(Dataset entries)
—————
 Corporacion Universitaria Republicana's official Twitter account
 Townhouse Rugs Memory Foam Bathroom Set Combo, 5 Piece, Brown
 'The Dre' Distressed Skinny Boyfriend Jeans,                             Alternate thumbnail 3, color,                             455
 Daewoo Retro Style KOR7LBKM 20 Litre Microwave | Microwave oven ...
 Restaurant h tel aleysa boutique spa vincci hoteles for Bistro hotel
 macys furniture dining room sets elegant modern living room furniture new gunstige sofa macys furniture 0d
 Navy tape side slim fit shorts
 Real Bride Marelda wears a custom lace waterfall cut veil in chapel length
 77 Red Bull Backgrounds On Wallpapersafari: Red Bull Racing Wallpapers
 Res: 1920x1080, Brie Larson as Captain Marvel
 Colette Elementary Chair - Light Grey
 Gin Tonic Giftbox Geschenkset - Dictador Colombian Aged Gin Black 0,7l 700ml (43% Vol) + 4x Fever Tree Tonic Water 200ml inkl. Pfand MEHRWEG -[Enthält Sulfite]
—————
Return, unchanged, the run of lines above that opens with the line containing "Restaurant h tel" and closes with the line containing "Res: 1920x1080, Brie". Include both.

 Restaurant h tel aleysa boutique spa vincci hoteles for Bistro hotel
 macys furniture dining room sets elegant modern living room furniture new gunstige sofa macys furniture 0d
 Navy tape side slim fit shorts
 Real Bride Marelda wears a custom lace waterfall cut veil in chapel length
 77 Red Bull Backgrounds On Wallpapersafari: Red Bull Racing Wallpapers
 Res: 1920x1080, Brie Larson as Captain Marvel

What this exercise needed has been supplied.